| Data to use |
------------------------------------------------------------------------

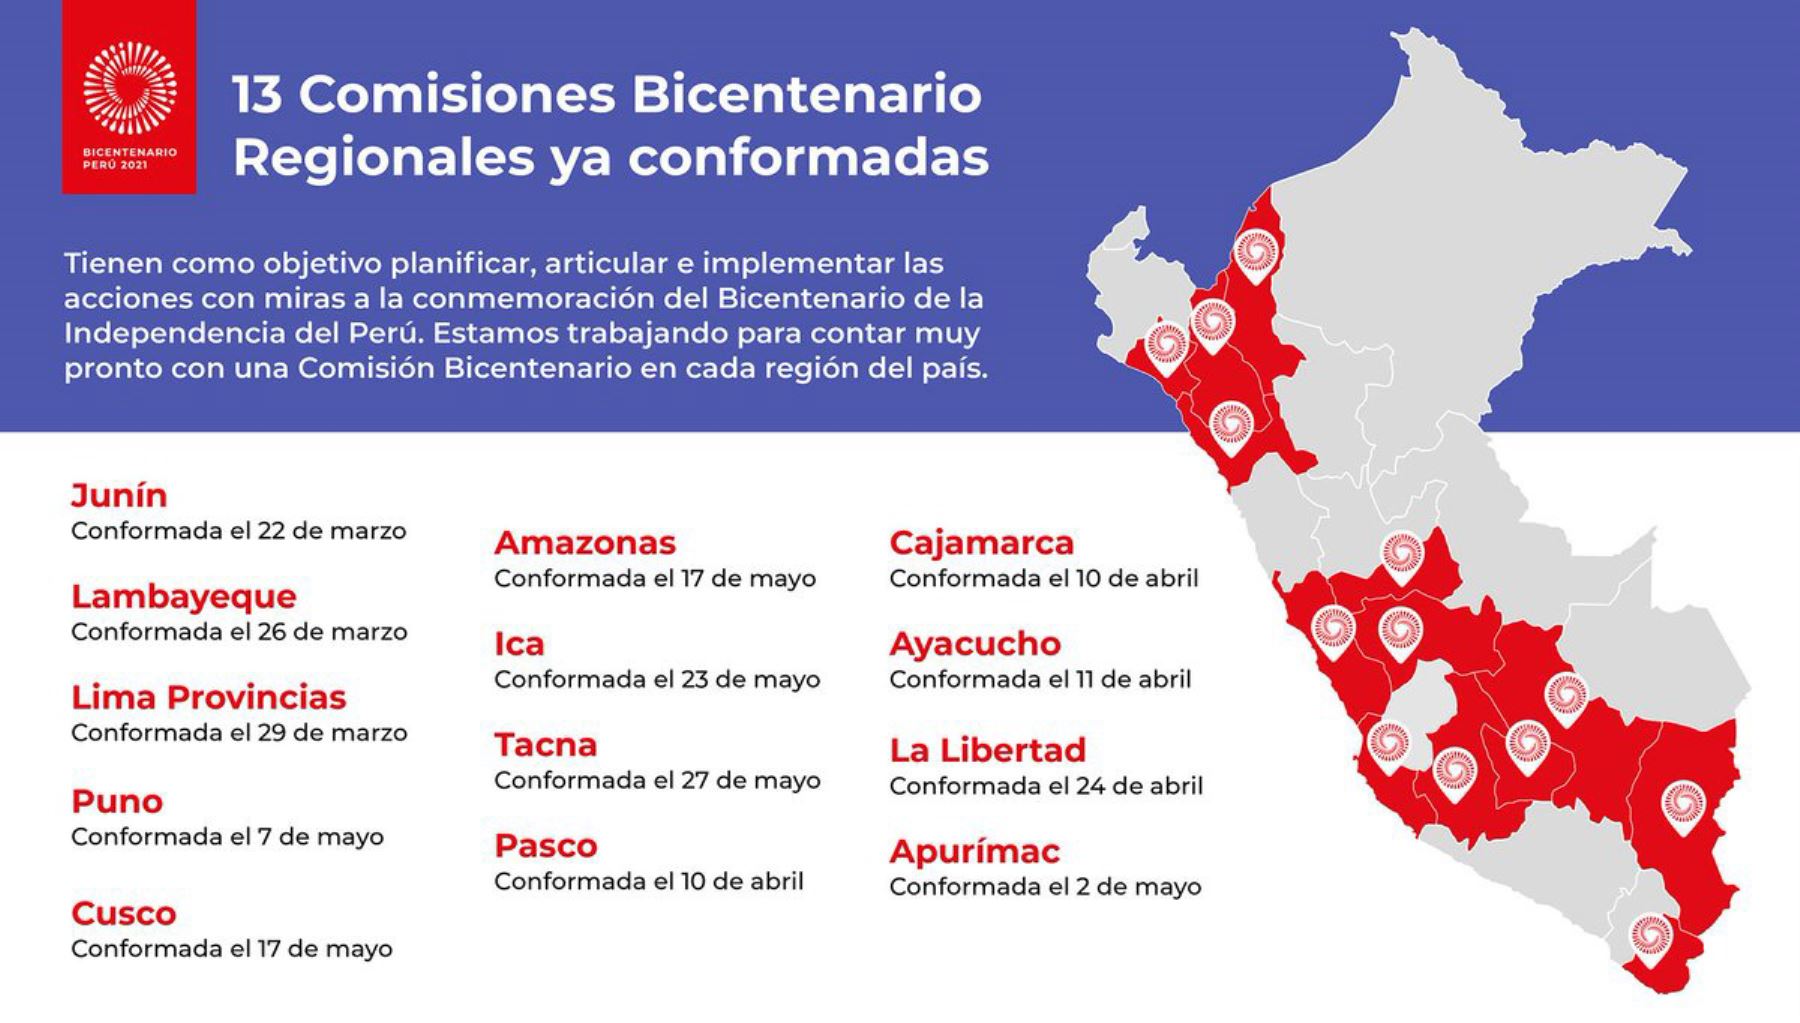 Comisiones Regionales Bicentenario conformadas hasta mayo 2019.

------------------------------------------------------------------------

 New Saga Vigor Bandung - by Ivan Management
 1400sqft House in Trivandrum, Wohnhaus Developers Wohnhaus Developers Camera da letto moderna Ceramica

------------------------------------------------------------------------

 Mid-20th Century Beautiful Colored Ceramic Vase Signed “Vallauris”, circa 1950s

------------------------------------------------------------------------

| Problem |
Transcribe each line of the data above, unaltered, from the one where "New Saga Vigor Bandung - by Ivan Management" appears to the one where "1400sqft House in" appears, inclusive of both.

| Solution |
 New Saga Vigor Bandung - by Ivan Management
 1400sqft House in Trivandrum, Wohnhaus Developers Wohnhaus Developers Camera da letto moderna Ceramica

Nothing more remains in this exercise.